In Table 2, it can also be seen that from all post-vaccination sampling, at least one positive isolation was obtained except during the second monitoring. Consecutive, alternate or only isolations from milk samples coming from animal reactors to RT may be due to the interrupted presence of the bacteria in milk. In relation to this, Osorio (2004) mentioned that the bacteriological procedure is not always successful due to the intermittence of Brucella sp., elimination in milk; likewise, Renteria et al. (2005) emphasized the fact that a large amount of them are needed in the sample or that it is collected at the time of excretion. Also, it is important that the highest elimination of bacteria in milk has been recorded after calving and the lowest during lactation peak (Rodriguez et al., 2005).

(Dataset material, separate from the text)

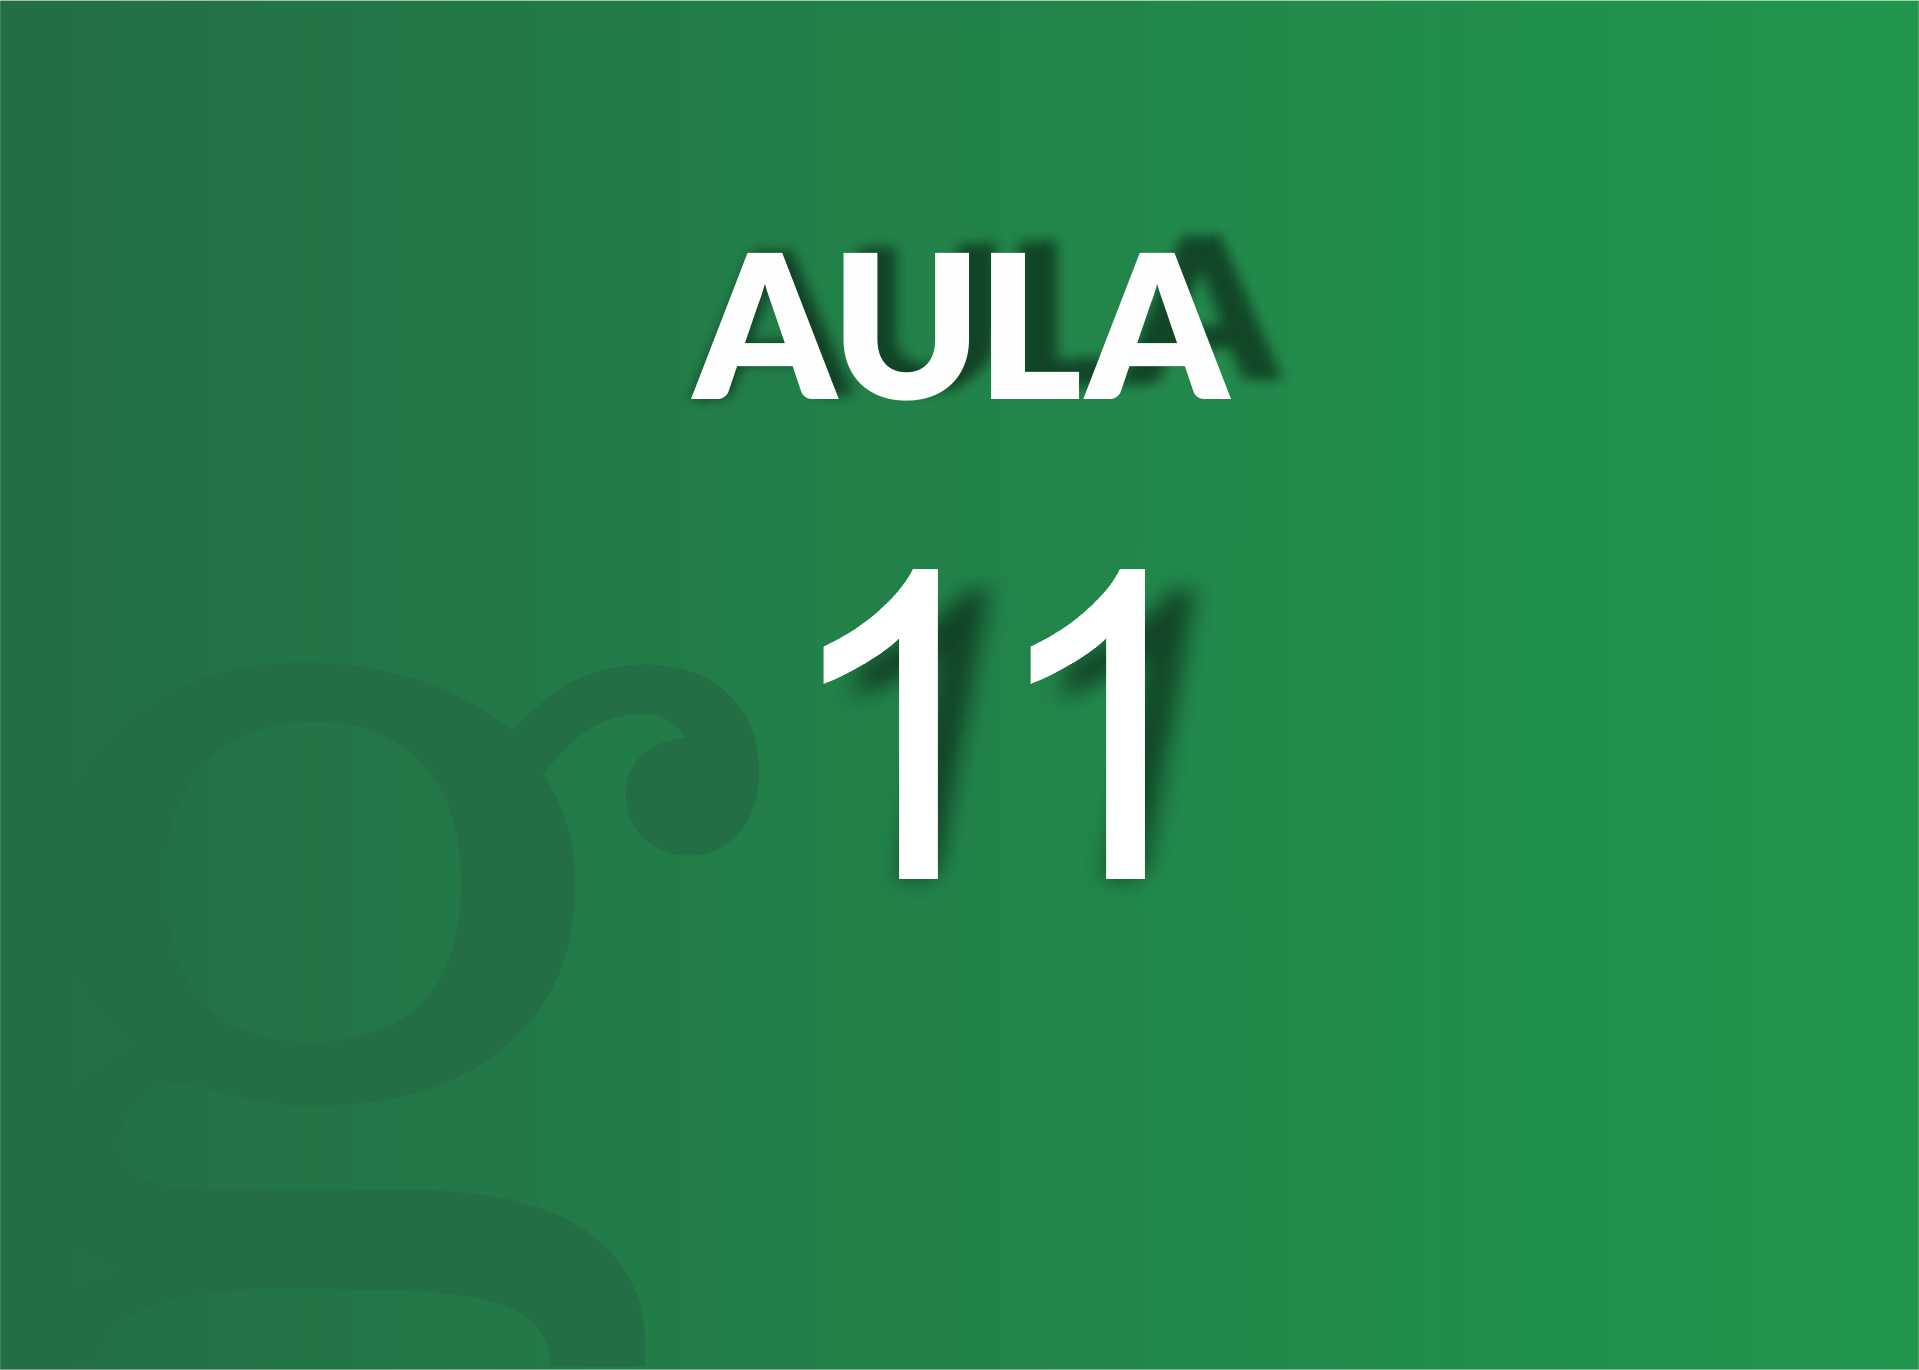 AULA 11 - Taller sobre perspectiva de género - Neuquén 2020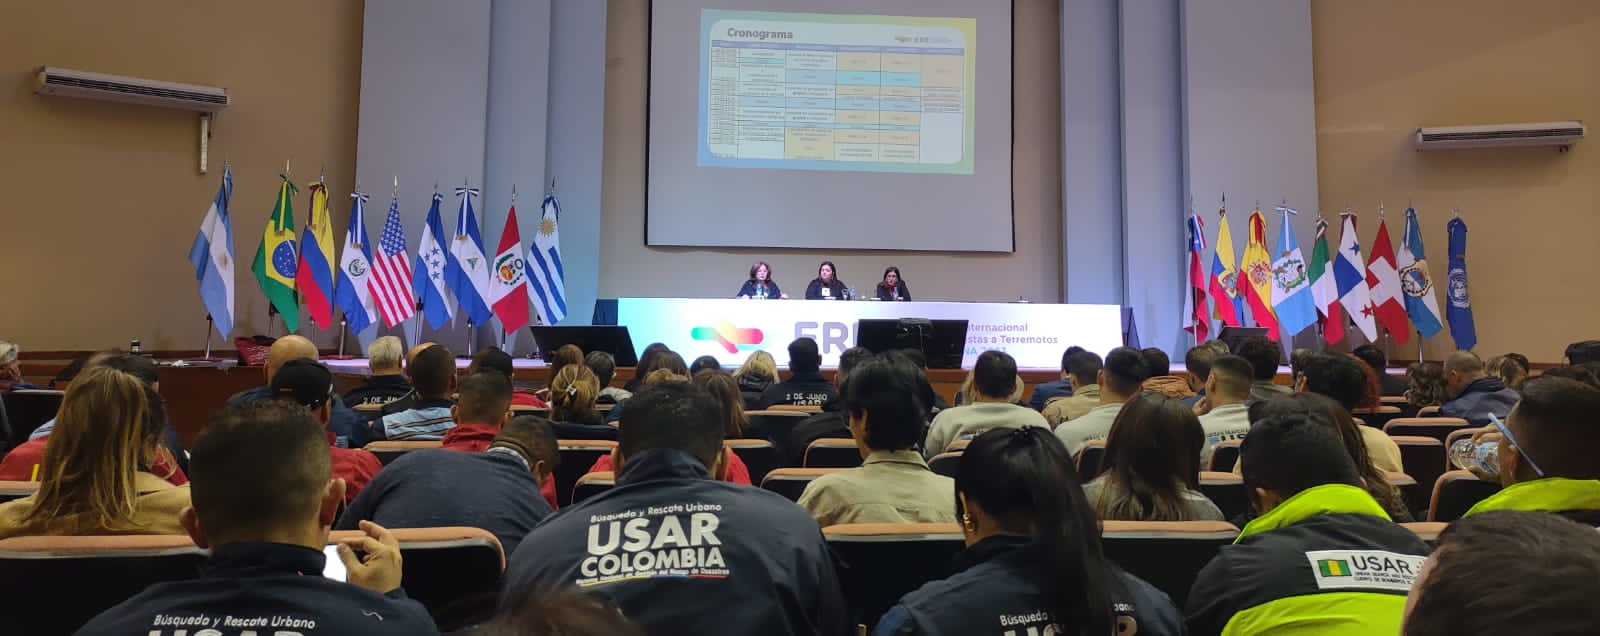 Grupo USAR COL-1 presente en ERE 2023 realizado en Argentina

According to what has been mentioned by Dajer-Abimerhi et al. (1998) and Diaz et al. (2001), bacteria isolation and identification together with the presence of new cases during the investigation, gave way to a definite diagnosis of an infected herd.
Existence of reactor animals within the population constitutes a risk factor that favors disease transmission and permanence in the herd (Moreno et al., 2002; Renteria et al., 2003). Presence of Brucella abortus as a circulating field strain coming from reactor cattle that were not eliminated, propitiated that vaccinated and non-vaccinated animals had at all times a natural, constant challenge permitting the evaluation of the protective efficacy of strain S19.
CONCLUSION
Results of this investigation allow the conclusion that strain S19 of Brucella abortus is a biological product that may be efficacious in the control of bovine brucellosis in double purpose cattle that have a disease prevalence of 3%; yet, before its application, diagnostic interference problems that characterize it should be taken into consideration in order to evaluate from the economic point of view, vaccination efficiency.
ACKNOWLEDGMENTS
This study is part of the requirements that the first author must cover to obtain the degree of Doctor in Agriculture and Livestock Sciences granted by the Autonomous University of Yucatan who carry out an economic support with a CONACYT scholarship holder. Research received support and financing from the project Comparative study of strain RB51 and strain S19 efficacy in the prevention of brucellosis in herds with different sanitary conditions of the National Forestry, Agriculture and Livestock Research Institute (INIFAP) called for by SAGARPA-CONACYT 2004 Sector fund 23.